Reputation: 4008
I'm scrapping this page:
https://www.linio.com.pe/c/tv-y-video/televisores
And I want to extract the current price of the TVs. The problem is that some prices are inside a <div>
and others -fewer- inside a <span>
tag.
I'm wondering if it's possible to use an 'ifelse' construct to get all the current prices for the TVs.
#Reads Linio's HTML
linio <- read_html("https://www.linio.com.pe/c/tv-y-video/televisores", encoding = "ISO-8859-1")

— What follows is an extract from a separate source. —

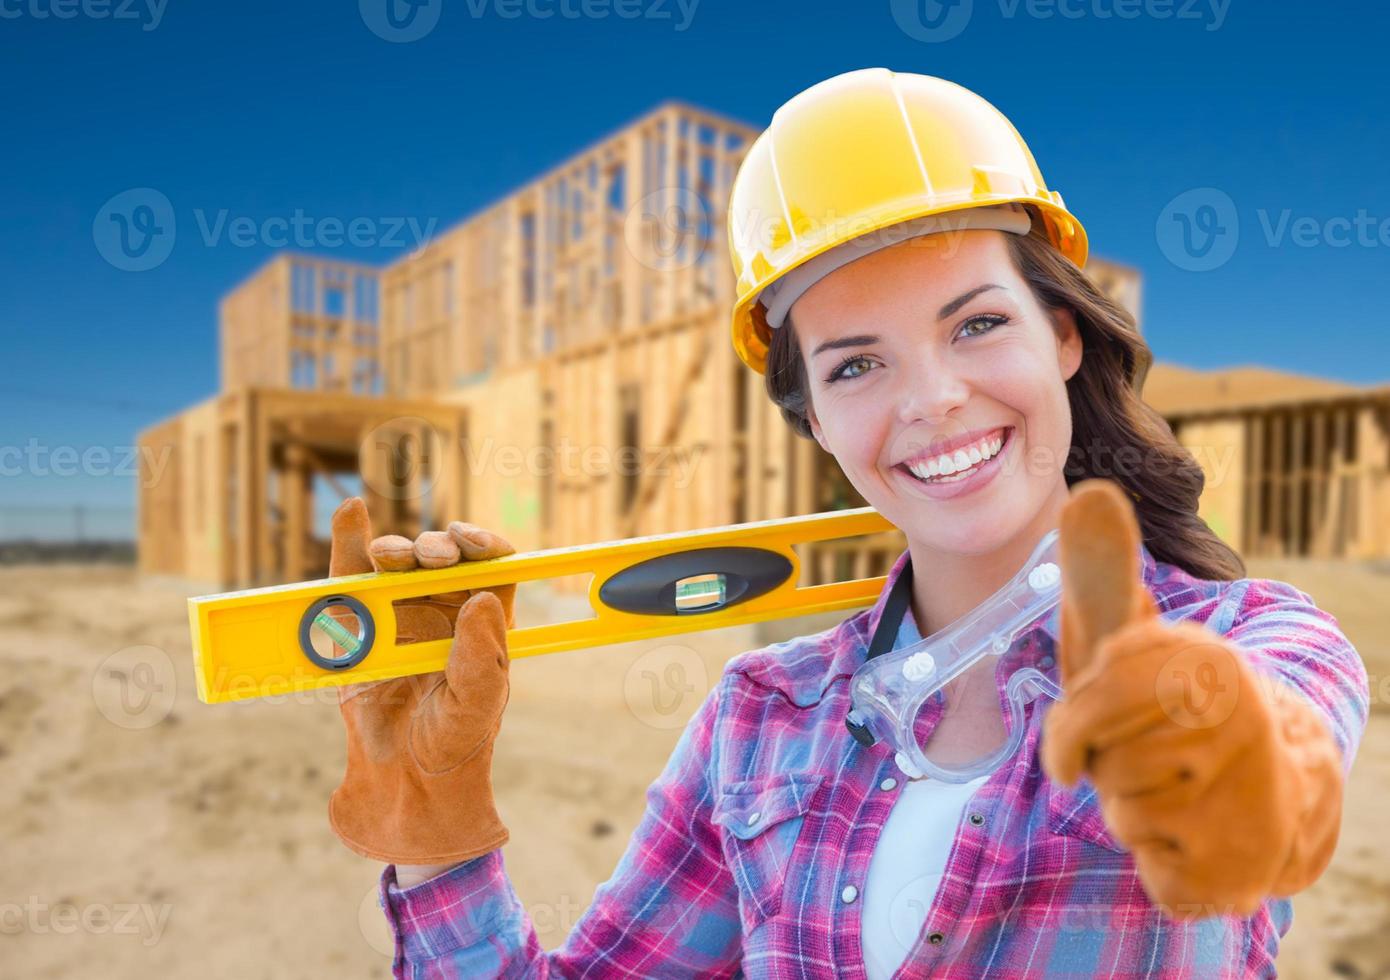 trabalhador da construção civil feminino com polegares para cima segurando nível usando luvas, capacete e óculos de proteção no canteiro de obras foto

#Extracts prices inside the div tag
linio %>% html_nodes("div.price-section div.price-secondary") %>% html_text()
#Extracts prices inside the span tag
linio %>% html_nodes("div.price-section span.price-secondary") %>% html_text()
I was trying this to combine the prices from the div and the span tags:
linio %>% ifelse(length(html_nodes("div.price-section div.price-secondary") %>% html_text())==0, html_nodes("div.price-section span.price-secondary") %>% html_text(), html_nodes("div.price-section div.price-secondary")) %>% html_text()
Without success... why can't you be consistant Linio's front end developers...!
Upvotes: 0
Views: 390
Reputation: 21507
There are multiple ways to accomplish that:
Drop the div
/span
altogether using:
linio %>% html_nodes("div.price-section .price-secondary") %>% html_text()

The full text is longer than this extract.